Heacham was a railway station which served the seaside resort of Heacham in Norfolk, England. Opened in 1862, the station became a junction where services left the King's Lynn to Hunstanton line for Wells on the West Norfolk Junction Railway, which opened in 1866. The station closed with the Hunstanton line in 1969.

History
The station, about a mile (1.6 km) to the west of Heacham village, was intended to tap a thriving holiday market in the 19th century. A favourite resort of Queen Alexandra in the earlier 20th century, the village later attracted large numbers of caravans and chalets to its shingly foreshore. The Lynn and Hunstanton Railway proved an immediate success and encouraged the construction of a further line, the West Norfolk Junction Railway from Heacham to Wells, which opened in 1866.

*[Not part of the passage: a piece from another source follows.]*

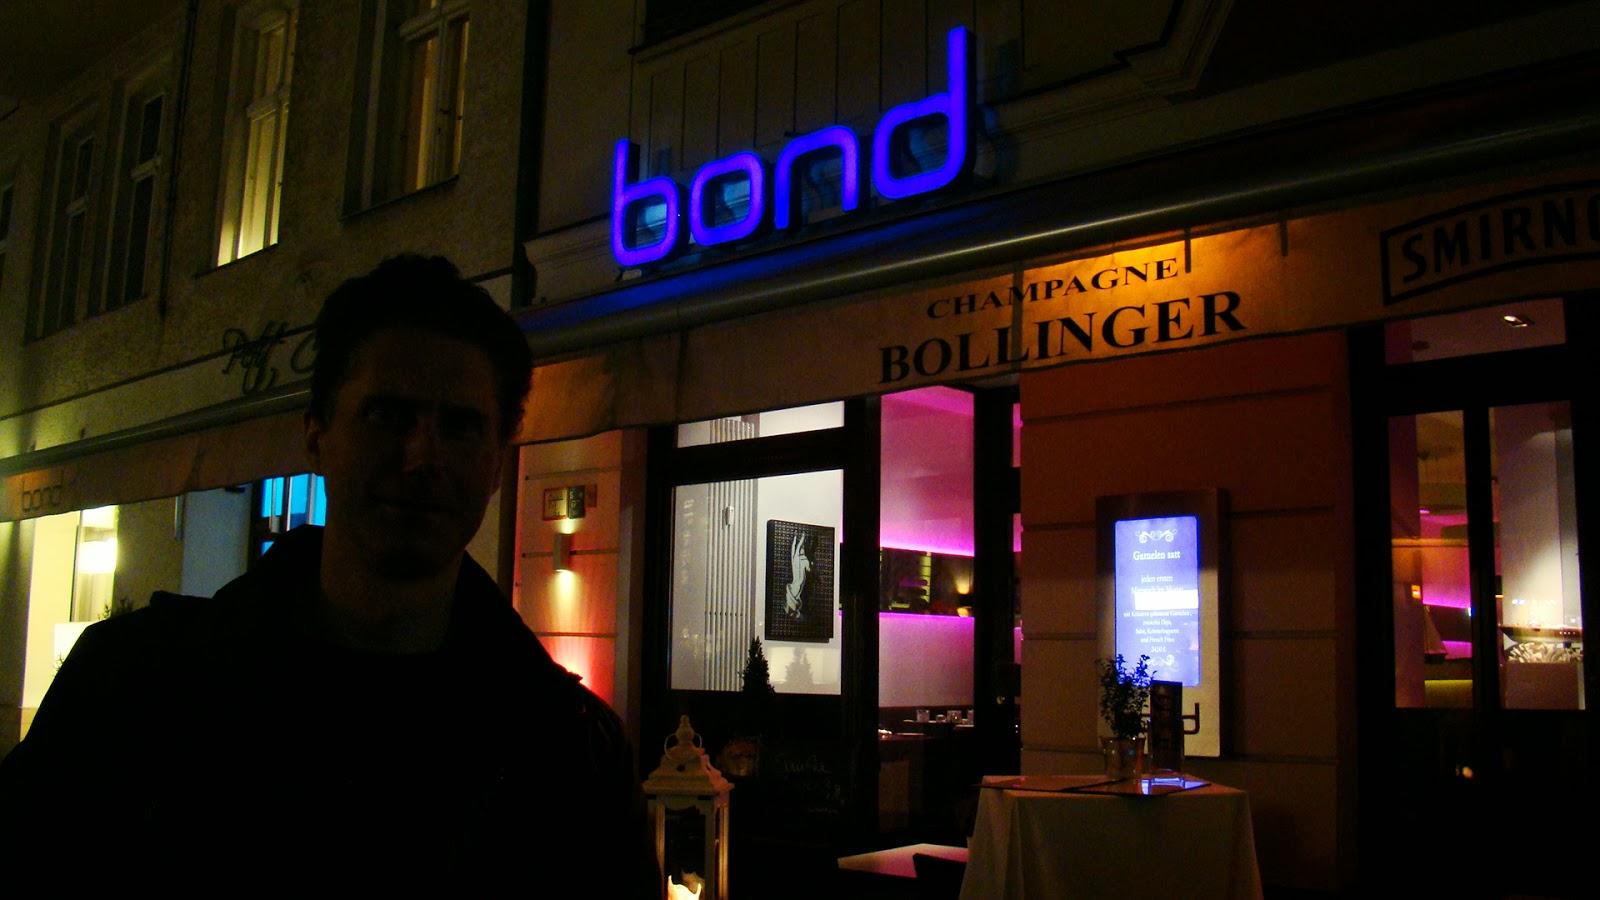 007 travelers 007 theme restaurant bond berlin germany. Black Bedroom Furniture Sets. Home Design Ideas

Services to Wells started and terminated at a bay platform to the east of the station, while trains to Hunstanton and King's Lynn took the two through platforms. The station was rebuilt at least twice, with the Great Eastern Railway adding platform canopies and a turntable, and improving the platform buildings. More substantial changes were made by the successor London and North Eastern Railway in 1937, as Heacham had become a significant holiday destination and the passing loop needed to accommodate 13-coach trains. The platforms were linked by a lattice girder footbridge and a signal box was placed on the down side. Arriving passengers could lodge at the nearby West Norfolk hotel. In 1960–1961, the station offered a camping coach converted from a Pullman car, fitted with a full kitchen, two sleeping compartments and a room with two single beds. A further camping coach was available in 1962–1965.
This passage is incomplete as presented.